Uma vez que vemos certas coisas com os olhos da mente é impossível "desvê-las". Quem se dá conta da complexidade das relações entre os seres vivos de um ecossistema, por exemplo, inevitavelmente passa a caminhar pelo mundo enxergando uma trama antes invisível de fios a conectar os mais diferentes organismos.
Ocorre que essa teia é ainda mais onipresente do que haviam demonstrado os cientistas até agora, com conexões insuspeitas que influenciam o resto do tecido mesmo quando não parecem estar amarradas diretamente aos fios que estão alterando.
À primeira vista, parece algo quase mágico, e talvez faça sentido que o cenário dessa descoberta seja uma planta mais conhecida por estrelar cantigas infantis. Trata-se do alecrim-do-campo (Baccharis dracunculifolia), encontrado, entre outros lugares, na serra do Cipó, em Minas Gerais. (Sim, é aquele alecrim, "que nasceu no campo sem ser semeado". Bendita Galinha Pintadinha. Quem teve filhos ou netos pequenos nas últimas décadas certamente sabe do que estou falando.)
O alecrim-do-campo, gentil leitor, é um mundo em miniatura. Nesse arbusto podem ser encontradas pelo menos 15 espécies de formigas, nove tipos de predadores (aranhas e joaninhas —sim, muitas joaninhas são onças em miniatura), 41 espécies de insetos herbívoros.
Calma, não acabou. O vegetal abriga ainda 17 tipos diferentes de galhadores —no caso do alecrim, são insetos que produzem tumores, as chamadas galhas, nos tecidos da planta e se desenvolvem lá dentro. As galhas podem ainda ter inquilinos –animais que não as criaram, mas que se instalam nelas mesmo assim. E, por fim, cerca de 50 espécies de vespas parasitam os insetos galhadores.
Esses números, capazes de deixar qualquer um zonzo, foram fornecidos a este escriba por Milton Barbosa, pesquisador de pós-doutorado na UFMG (Universidade Federal de Minas Gerais).
Junto com Geraldo Wilson Fernandes, também da UFMG, e Rebecca Morris, da Universidade de Oxford (Reino Unido), Barbosa é autor de um estudo publicado recentemente sobre o microcosmo do alecrim-do-campo na revista especializada Current Biology. Com experimentos simples e muita paciência, o trio mostrou que a invisibilidade das conexões indiretas entre seres vivos pode ser "desligada" temporariamente, revelando toda a sua complexidade.

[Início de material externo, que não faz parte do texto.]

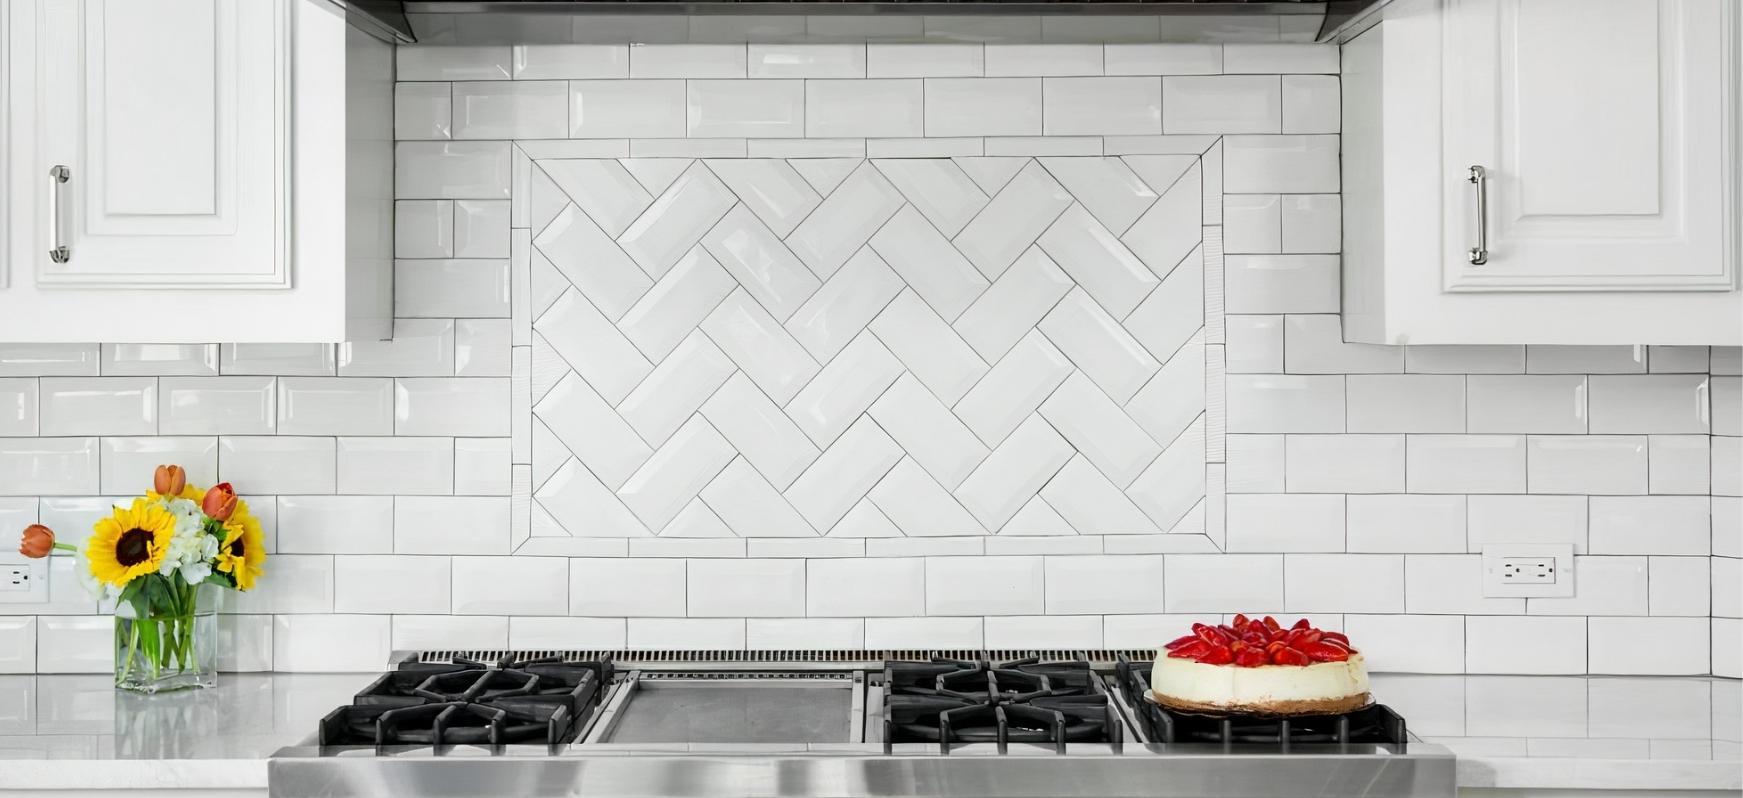 Countertop Backsplash using White Subway Tiles

Barbosa e seus colegas buscavam detectar interações que fossem mais sutis do que as que acontecem diretamente entre duas espécies, como a predação praticada pelas joaninhas contra outros animaizinhos ou o parasitismo das vespas vitimando os insetos galhadores. A pergunta era: remover uma terceira espécie, que aparentemente não tem nada a ver com essas interações diretas, seria capaz de modificar as relações mais visíveis entre predadores e presas, por exemplo?

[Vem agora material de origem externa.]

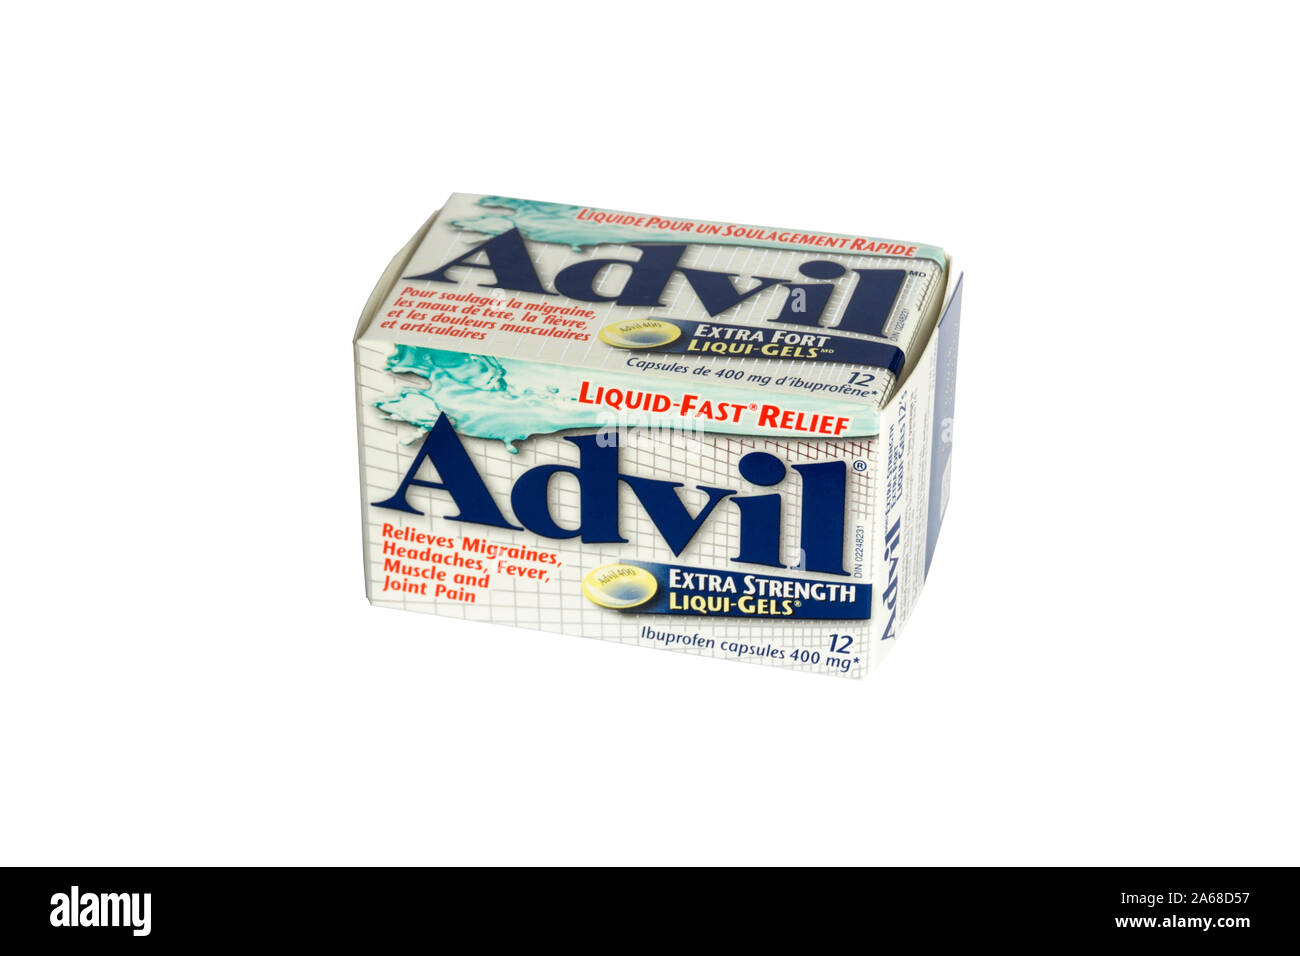 Una scatola di Advil Ibuprofen capsule. Advil è un nome commerciale di ibuprofene, un farmaco antiinfiammatorio non steroideo. Foto Stock

Eles testaram a ideia deixando algumas plantas sem formigas (por meio de uma resina que impedia que elas subissem no caule) ou, em outros exemplares de alecrim, retirando as galhas. Com isso, eles construíram uma "rede de efeitos" dessas manipulações —e verificaram que a maioria das interações diretas entre espécies foi alterada pela exclusão de um único elemento da teia que, aparentemente, não tinha nada a ver com a história.

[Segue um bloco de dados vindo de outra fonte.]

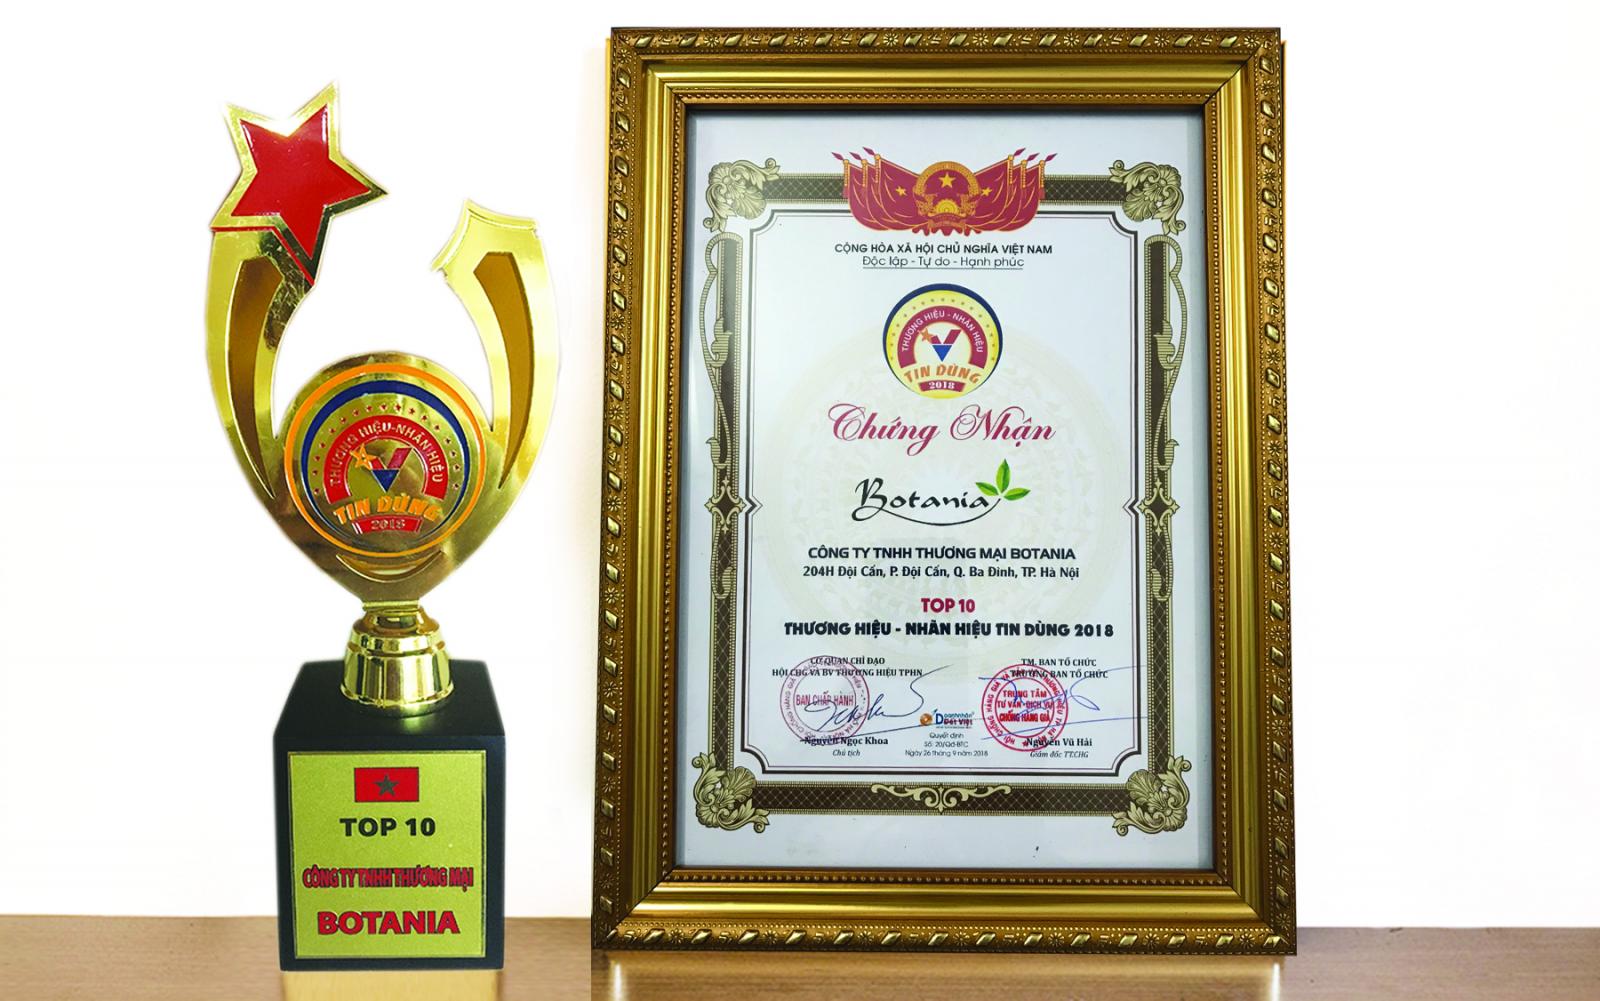 Công ty Botania vinh dự được nhận giải thưởng TOP 10 - Thương hiệu, nhãn hiệu tin dùng

"É o primeiro estudo a testar experimentalmente a existência generalizada e a importância de uma rede de interações ocultas", escrevem os pesquisadores. O trabalho reforça como é difícil prever as consequências de uma intervenção descuidada em tamanha complexidade.
Sair tropeçando em fios invisíveis não me parece uma ideia razoável para uma espécie tão jovem quanto a nossa.